Publié par : cbernier | 27 février 2012

Une Nuit qui se poursuit

Vous auriez aimé profiter d’Art Souterrain lors de la Nuit blanche, mais n’avez pas pu? Pour la première fois cette année, l’événement dure plus qu’une nuit. En effet, la plupart des œuvres sont restées sur place et peuvent toujours être admirées. Jusqu’au 11 mars, Art Souterrain vous invite aussi à différentes activités en liens avec l’art. Pourquoi s’en passer?

J’en ai profité, évidemment, et j’ai bien aimé cette édition. J’ai constaté, une fois de plus, que les gens sortent peu des lieux connus et n’osent pas découvrir les souterrains, passages et autres halls qui ponctuent la visite. Et pourtant! Ne faites pas comme eux, allez profiter de l’ensemble du circuit qui vous est offert. C’est un long 7 km, qui a toutefois perdu une partie de son exposition, mais le contexte inhabituel dans lequel les œuvres vous sont présentées rend l’expérience tellement intéressante!

Mes coups de cœur, cette année, sont les ballons noirs intitulés « Sous Pression III », du collectif Padejo (au Palais des congrès) et la piscine « 1000 m. », d’Émilie Fortier (sous le Centre CDP Capital). Vous pouvez aller les voir sur place, jusqu’au 11 mars, ou les découvrir à travers leur fiche sur le site web d’Art Souterrain.

Évidemment, sur place, c’est plus intéressant, surtout pour certaines œuvres, interactives. Il y en avait plusieurs cette année, ce qui est sûrement un des points forts de l’exposition 2012. Entre autres « Notes de passage », de Stéphanie Leduc (corridor entre la Place Ville-Marie et la Gare Centrale), où on peut produire des notes en les touchant. Une vidéo nous invite même à chorégraphier une musique avec d’autres passants !

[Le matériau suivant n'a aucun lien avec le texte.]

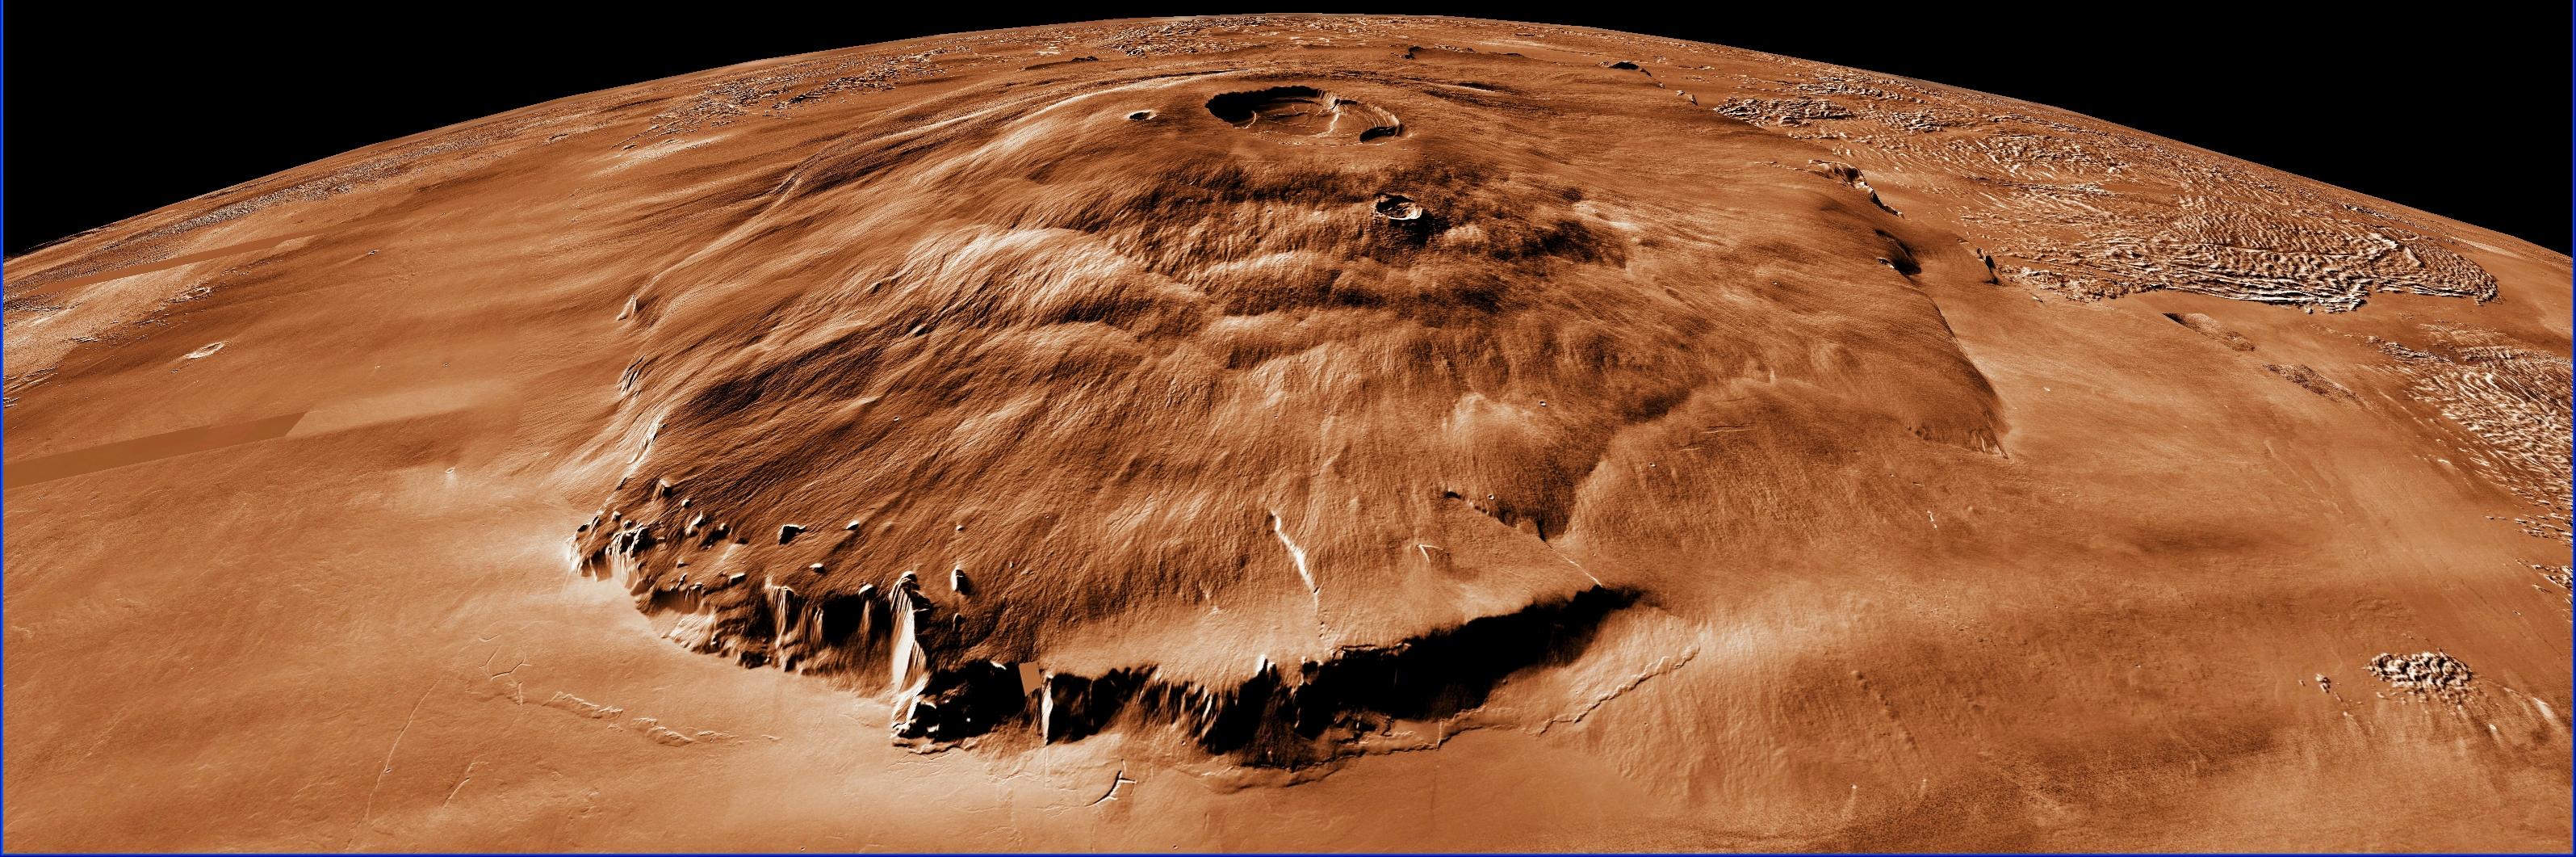 planet mars olympus mons - photo #9
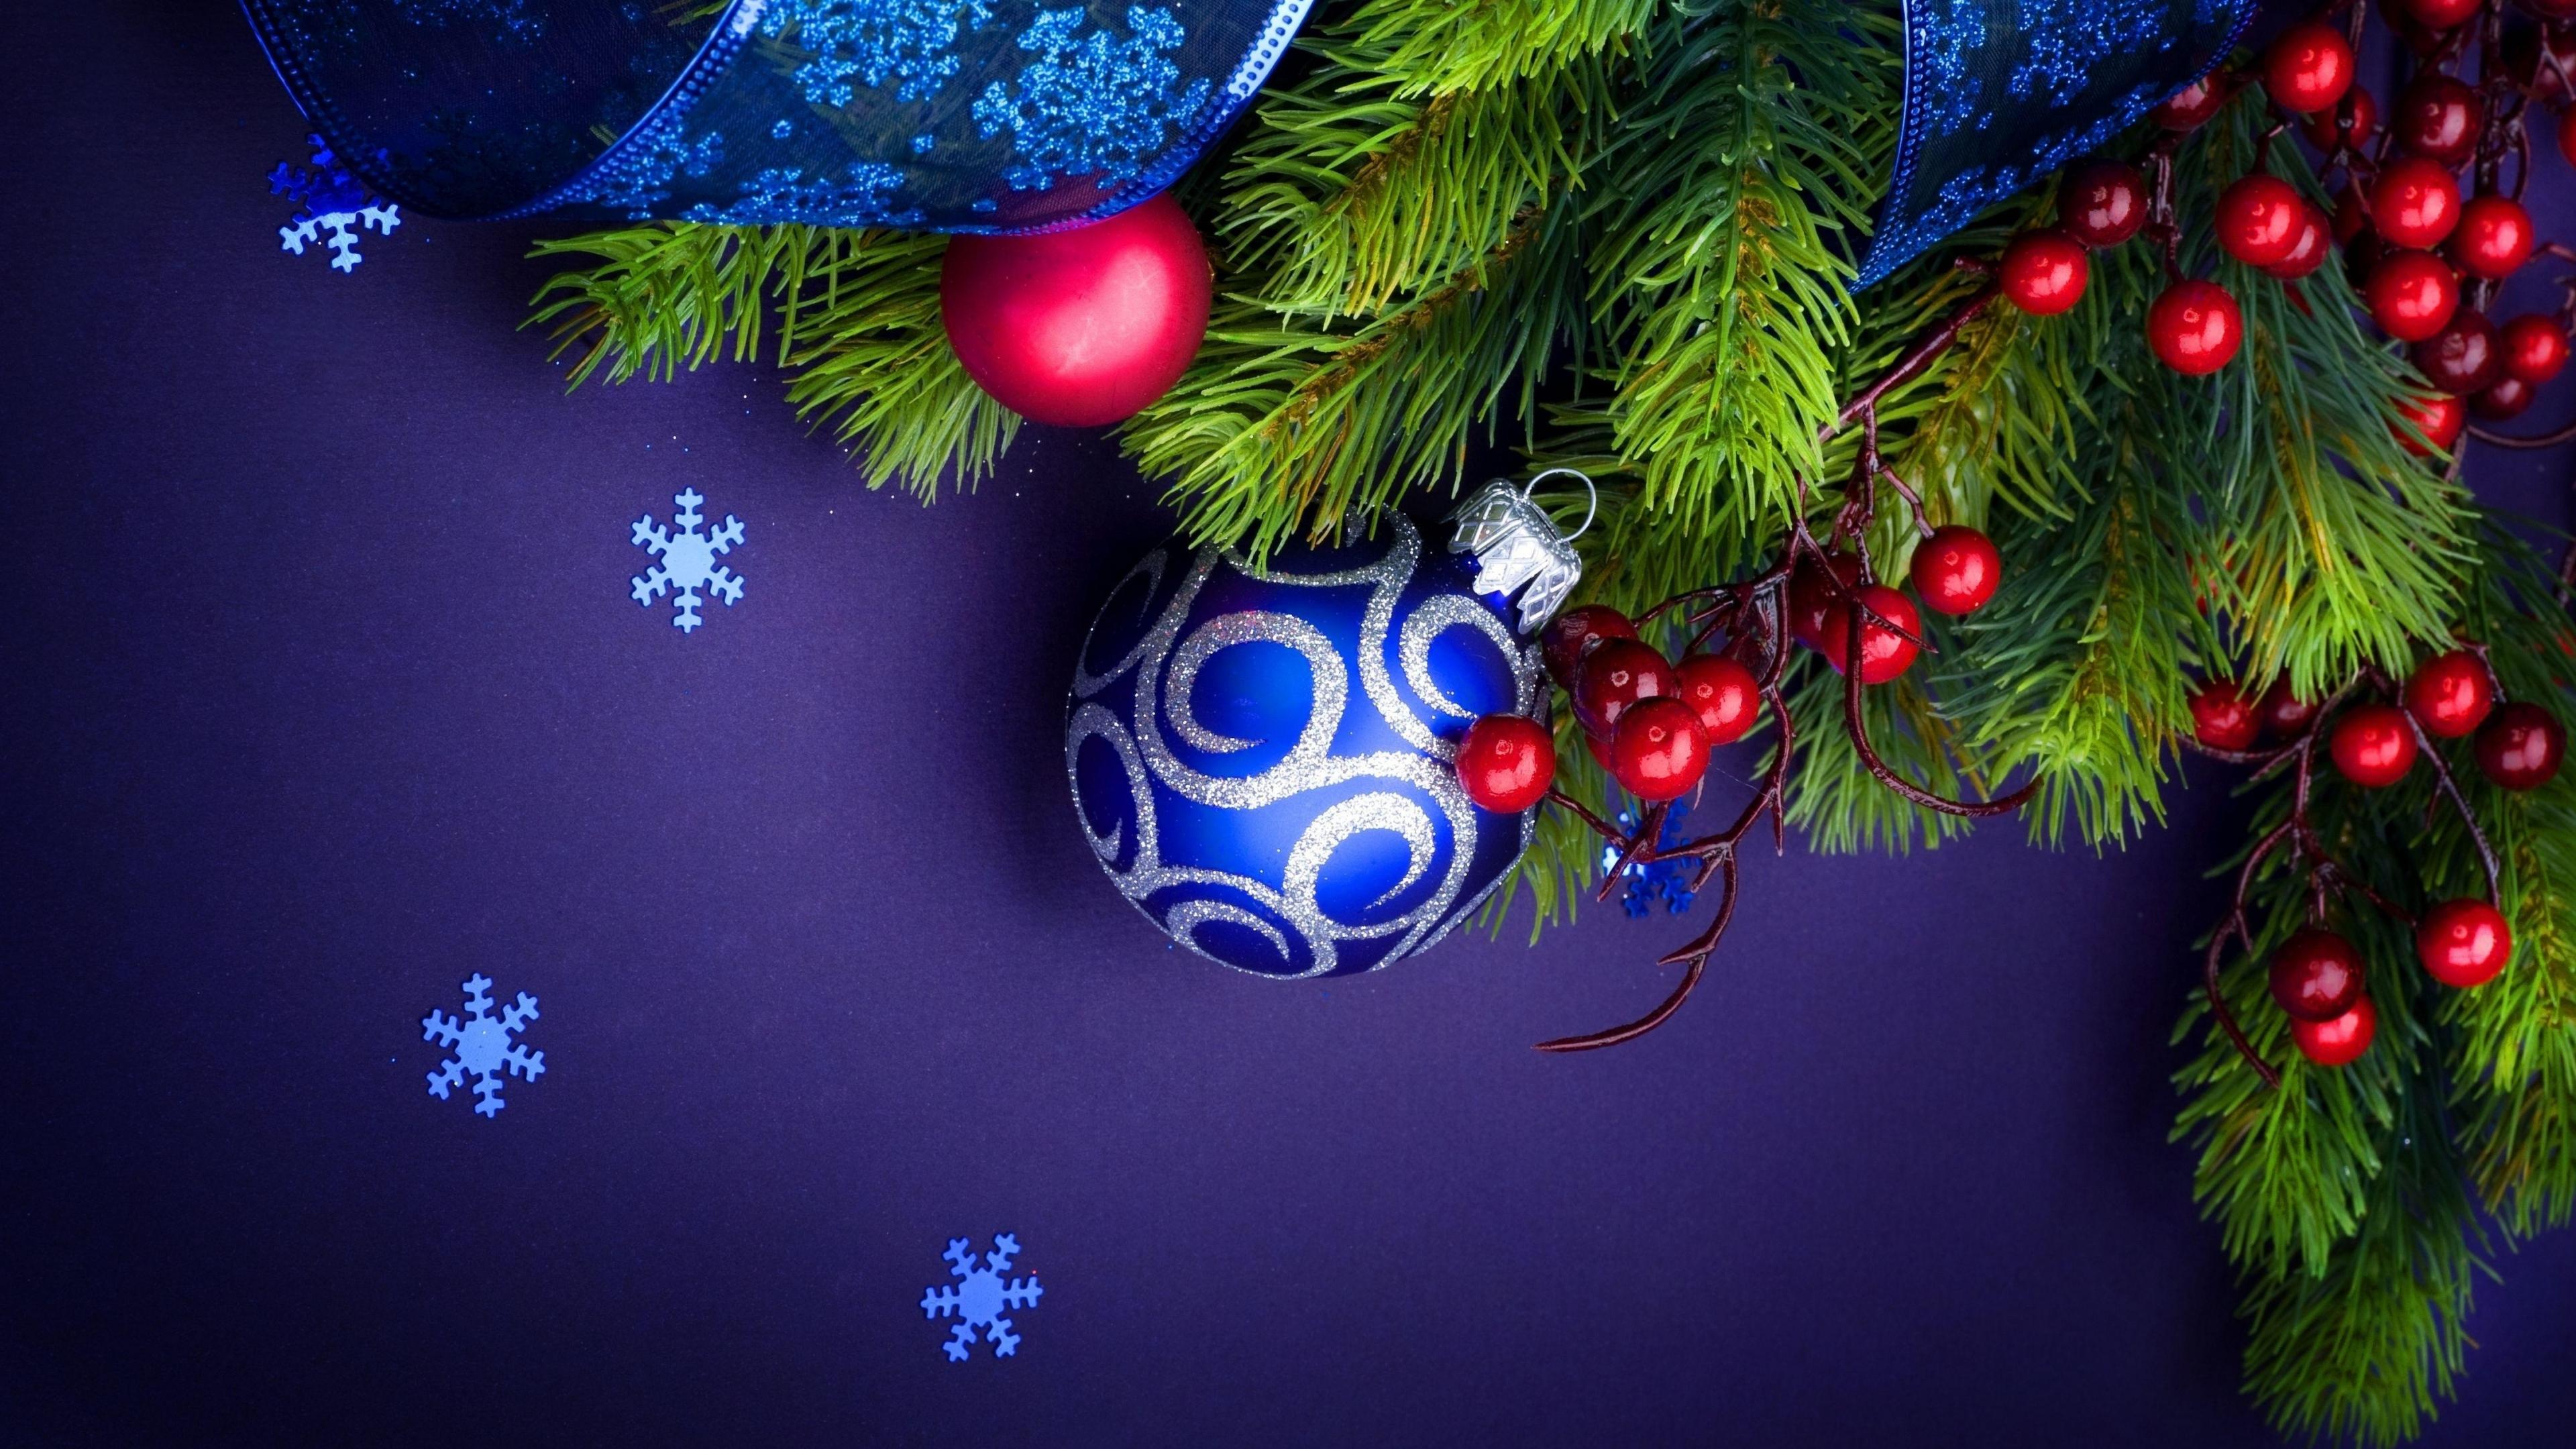 45] 4K Christmas Wallpaper on WallpaperSafari 3840x2160

Un bémol toutefois du côté de l’organisation, sans géolocalisation très précise, il peut être difficile de retrouver une œuvre avec ces simples indications… Seule la carte générale aide un peu…

Ma Nuit de réflexions…

Maintenant, un petit retour sur la Nuit blanche, telle que je l’ai vécu. Cette année, j’ai débuté par une activité ludique offerte par le restaurent Accords. J’ai fait une image en « lightpainting » avant de passer aux choses sérieuses : une exposition-partenaire du documentaire Sous la ville (sur les rivières souterraines), en préparation en ce moment et dont je vous avais parlé ici avec le texte Dans les entrailles de Montréal.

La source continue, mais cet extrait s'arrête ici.